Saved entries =
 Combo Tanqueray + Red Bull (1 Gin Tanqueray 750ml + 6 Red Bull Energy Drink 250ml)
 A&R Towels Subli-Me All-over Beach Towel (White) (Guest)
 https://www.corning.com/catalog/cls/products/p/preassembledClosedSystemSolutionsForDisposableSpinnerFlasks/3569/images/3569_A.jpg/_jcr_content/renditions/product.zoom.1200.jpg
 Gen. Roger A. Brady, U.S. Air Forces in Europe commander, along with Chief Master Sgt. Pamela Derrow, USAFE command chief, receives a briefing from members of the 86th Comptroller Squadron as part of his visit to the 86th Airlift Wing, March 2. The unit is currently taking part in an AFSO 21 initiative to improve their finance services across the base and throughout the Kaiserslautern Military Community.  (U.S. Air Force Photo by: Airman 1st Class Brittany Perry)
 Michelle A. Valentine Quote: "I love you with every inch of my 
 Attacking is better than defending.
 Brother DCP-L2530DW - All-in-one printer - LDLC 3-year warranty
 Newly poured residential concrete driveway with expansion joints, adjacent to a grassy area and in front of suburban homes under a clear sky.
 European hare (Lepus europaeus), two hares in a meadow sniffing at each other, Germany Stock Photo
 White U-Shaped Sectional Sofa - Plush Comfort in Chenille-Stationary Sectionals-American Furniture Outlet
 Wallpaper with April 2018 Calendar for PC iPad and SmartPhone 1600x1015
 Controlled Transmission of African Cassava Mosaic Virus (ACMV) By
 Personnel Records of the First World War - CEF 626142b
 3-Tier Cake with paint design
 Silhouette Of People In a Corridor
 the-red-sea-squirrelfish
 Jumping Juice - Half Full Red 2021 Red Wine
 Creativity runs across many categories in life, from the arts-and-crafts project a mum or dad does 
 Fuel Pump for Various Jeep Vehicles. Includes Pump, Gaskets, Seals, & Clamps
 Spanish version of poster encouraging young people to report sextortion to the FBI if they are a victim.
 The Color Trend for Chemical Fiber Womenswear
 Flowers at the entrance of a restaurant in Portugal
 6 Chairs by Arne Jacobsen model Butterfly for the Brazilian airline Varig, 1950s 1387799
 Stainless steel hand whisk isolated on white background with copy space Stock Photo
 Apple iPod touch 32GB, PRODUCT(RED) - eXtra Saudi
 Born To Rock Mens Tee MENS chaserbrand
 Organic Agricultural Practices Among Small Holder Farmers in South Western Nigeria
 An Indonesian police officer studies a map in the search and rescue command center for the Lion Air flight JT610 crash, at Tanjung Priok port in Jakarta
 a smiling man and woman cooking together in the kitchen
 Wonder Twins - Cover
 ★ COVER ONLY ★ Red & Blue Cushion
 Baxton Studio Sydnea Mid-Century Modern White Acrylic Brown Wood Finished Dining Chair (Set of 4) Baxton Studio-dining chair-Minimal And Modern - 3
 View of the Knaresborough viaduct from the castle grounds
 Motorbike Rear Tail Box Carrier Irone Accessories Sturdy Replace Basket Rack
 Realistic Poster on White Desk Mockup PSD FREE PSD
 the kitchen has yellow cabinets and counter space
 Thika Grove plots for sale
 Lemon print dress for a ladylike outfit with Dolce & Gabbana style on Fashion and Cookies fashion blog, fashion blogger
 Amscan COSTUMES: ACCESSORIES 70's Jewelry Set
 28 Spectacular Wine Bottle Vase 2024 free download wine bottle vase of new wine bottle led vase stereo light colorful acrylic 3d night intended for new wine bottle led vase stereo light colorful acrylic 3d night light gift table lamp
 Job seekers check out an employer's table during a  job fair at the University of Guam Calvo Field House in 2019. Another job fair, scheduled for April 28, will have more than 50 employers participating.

Your instructions = What must be transcribed is the run of lines from the one containing "Realistic Poster on" to the last line of the data above, inclusive, and only that.

Answer below =
 Realistic Poster on White Desk Mockup PSD FREE PSD
 the kitchen has yellow cabinets and counter space
 Thika Grove plots for sale
 Lemon print dress for a ladylike outfit with Dolce & Gabbana style on Fashion and Cookies fashion blog, fashion blogger
 Amscan COSTUMES: ACCESSORIES 70's Jewelry Set
 28 Spectacular Wine Bottle Vase 2024 free download wine bottle vase of new wine bottle led vase stereo light colorful acrylic 3d night intended for new wine bottle led vase stereo light colorful acrylic 3d night light gift table lamp
 Job seekers check out an employer's table during a  job fair at the University of Guam Calvo Field House in 2019. Another job fair, scheduled for April 28, will have more than 50 employers participating.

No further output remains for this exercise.